# Requirement
Shown below are entries with pictures; the line with "Mom + lifestyle" through the line with "Full back view" is the span to retype exactly, and the pictures stay out.

# Records shown
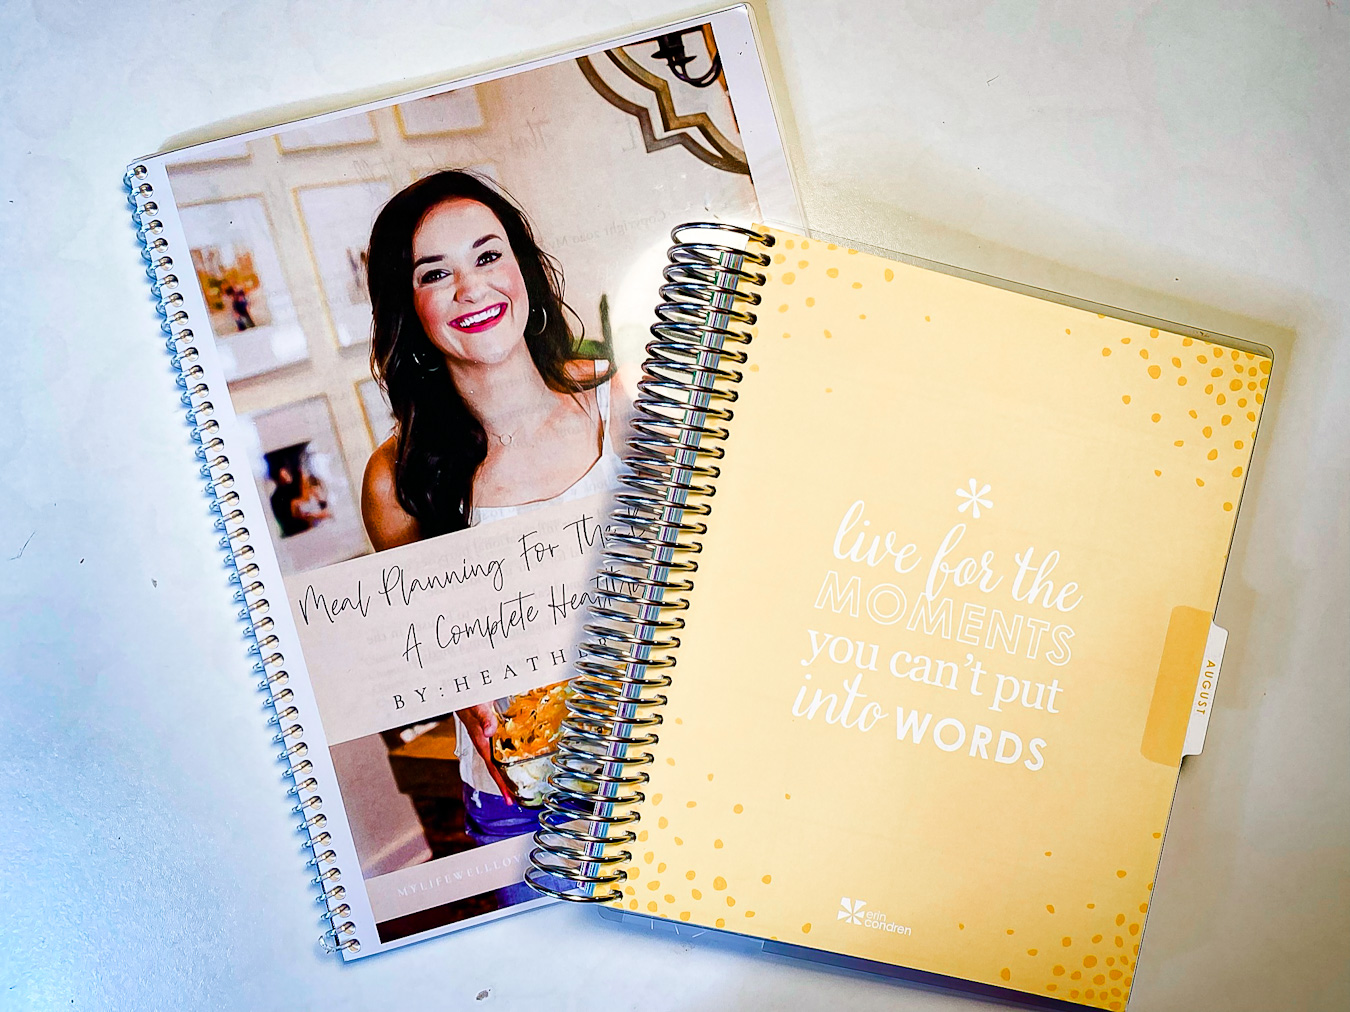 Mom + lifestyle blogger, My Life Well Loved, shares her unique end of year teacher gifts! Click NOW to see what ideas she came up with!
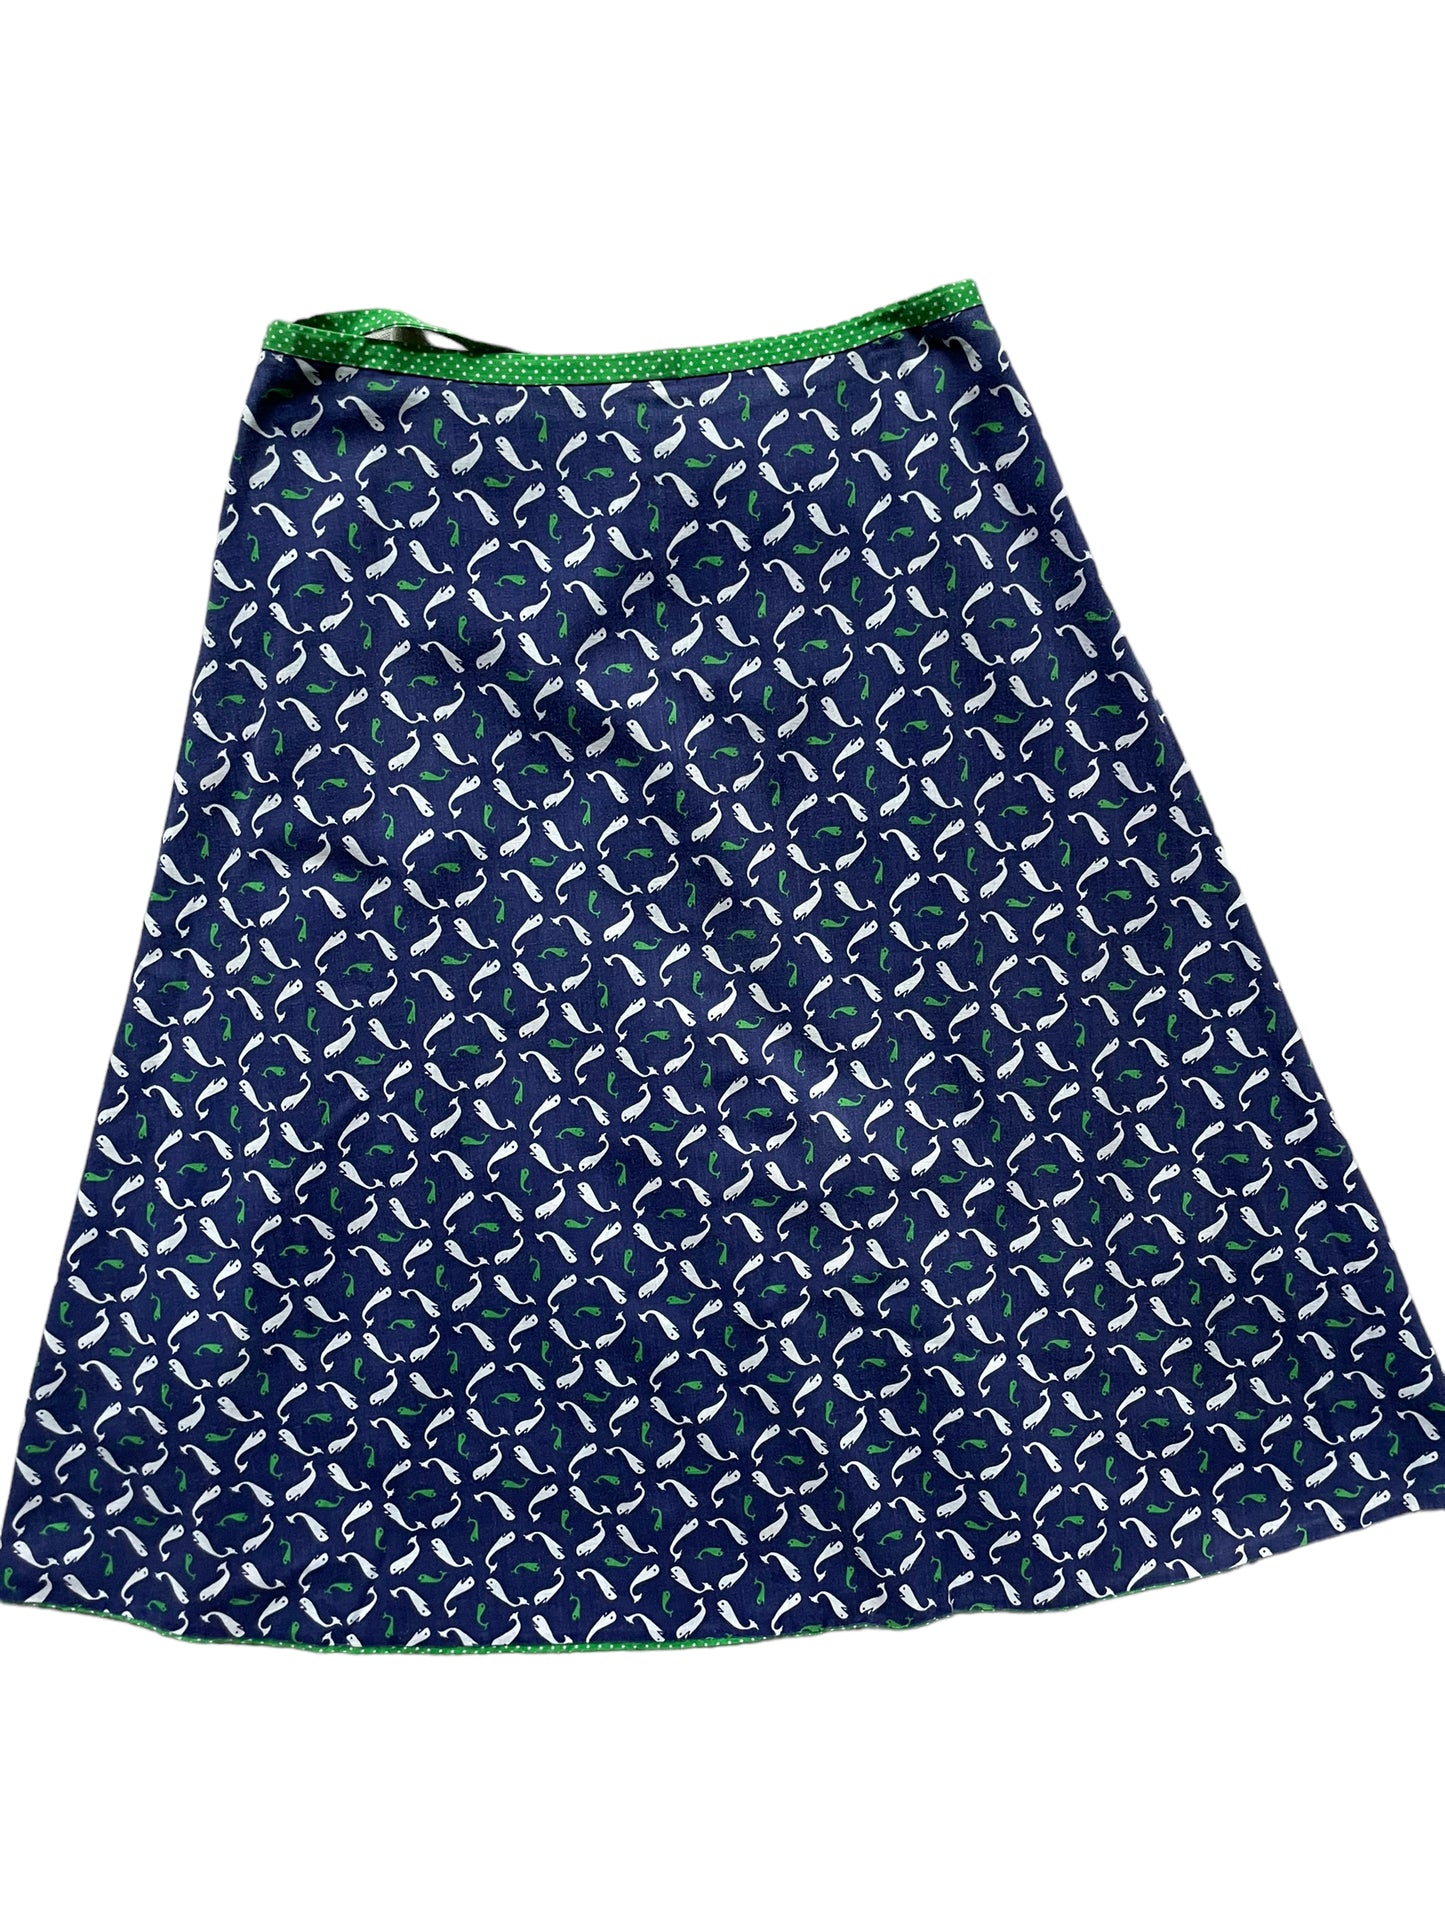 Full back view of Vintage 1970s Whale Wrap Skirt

* * *

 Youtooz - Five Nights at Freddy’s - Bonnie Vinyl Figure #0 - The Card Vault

# Output for this exercise
 Mom + lifestyle blogger, My Life Well Loved, shares her unique end of year teacher gifts! Click NOW to see what ideas she came up with!
 Full back view of Vintage 1970s Whale Wrap Skirt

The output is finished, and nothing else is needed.